Often when a recording artist reaches that point where it feels fitting to release a 
best-of / greatest-hits -  or a career-spanning commemorative archival anthology -  it seems to signal  (or even, in some obscure fashion, precipitate) the end of their musical journey. A silence ensues. Perhaps followed, after a long interval, by a wan comeback. Perhaps followed by nothing at all. 



In Mr. Hodgson's case, he has not only returned punctually, at his usual time of year, but he has come back stronger than ever, with a triple-dollop of some of Moon Wiring Club's best work yet: the double-CD Tantalising Mews and the vinyl long-player Cateared Chocolatiers.
                                 
                                        


                                                                            

Noteworthy is the attractive new-look packaging for Tantalising Mews: a cardboard gatefold, with no information on the front, back or inside (indeed the release only identifies itself on the spine).

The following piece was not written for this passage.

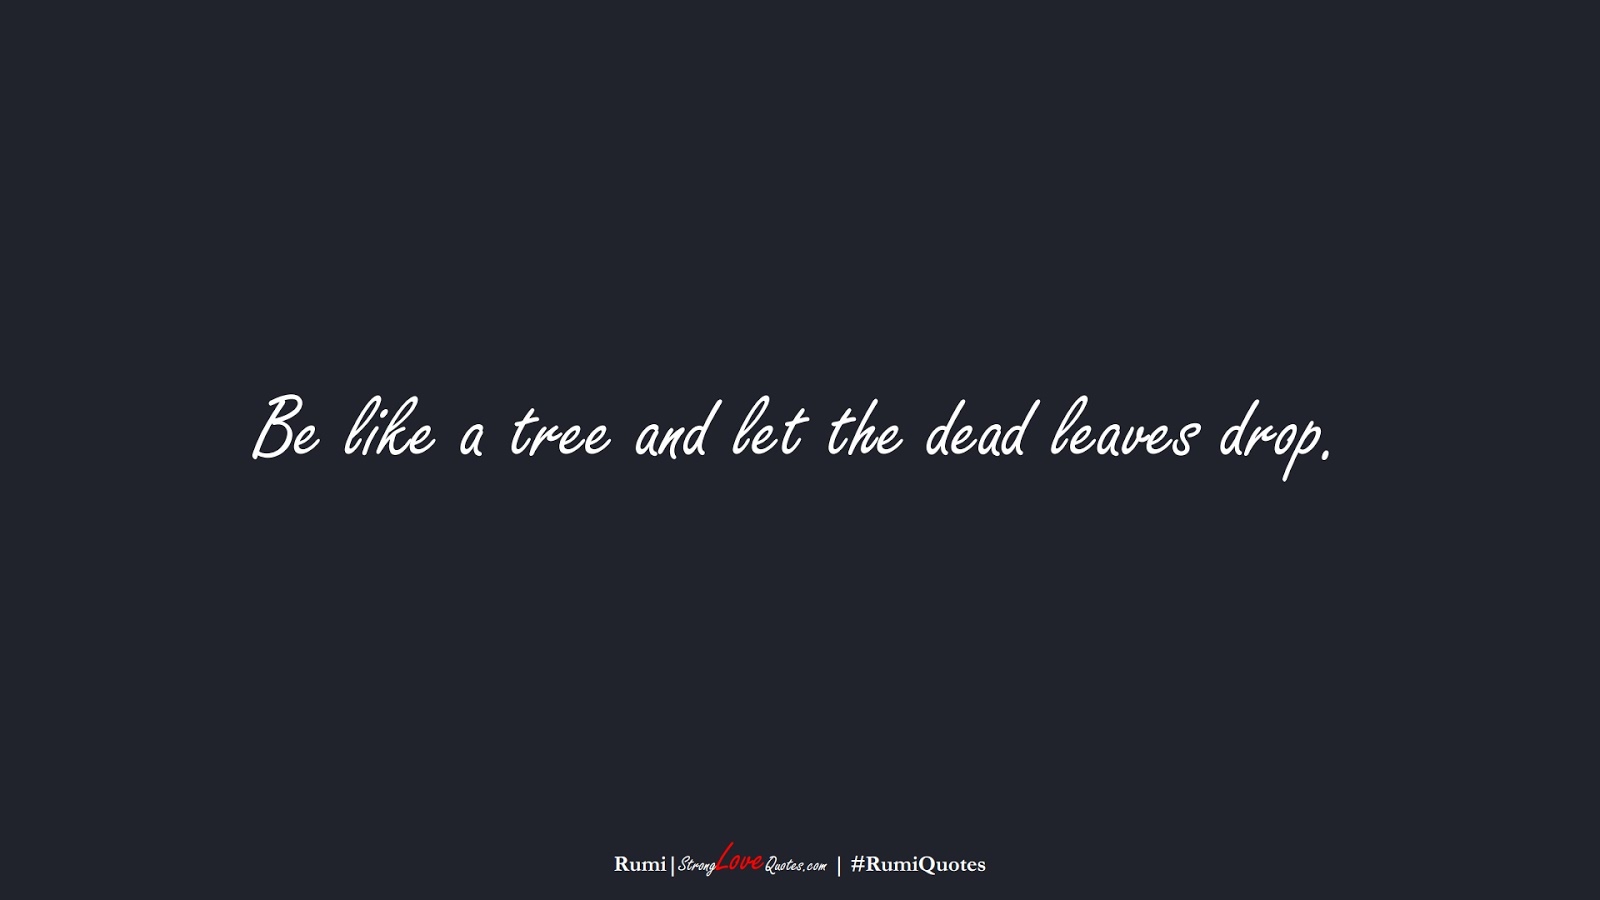 Be like a tree and let the dead leaves drop. (Rumi);  #RumiQuotes

                                       


In a pouch lurks a fold-out insert that supplies the titles of the thirty-three  - thirty-three! - tracks on the pair of discs, and hints at the narrative framework that links them: "wireless telegraphy - from the immaculate ghost of an identical ancestor".  Perhaps informed here by the analogy that 19th Century spiritualists saw between remote communication with the dead and the recently invented telegraph?


                                      

Cateared Chocolatiers contains - in the form of a brightly coloured fold-out poster -  the board to a game that involves "a journey through a rococo town of rolled-up carpets and crumbling toffee buildings in order to catch a train from a weird rural station you know you’re going to miss." The boardgame can be played by following the rules printed on one side of the disc's intricately illustrated dust jacket and by consulting the cast of characters arrayed and described on the other side.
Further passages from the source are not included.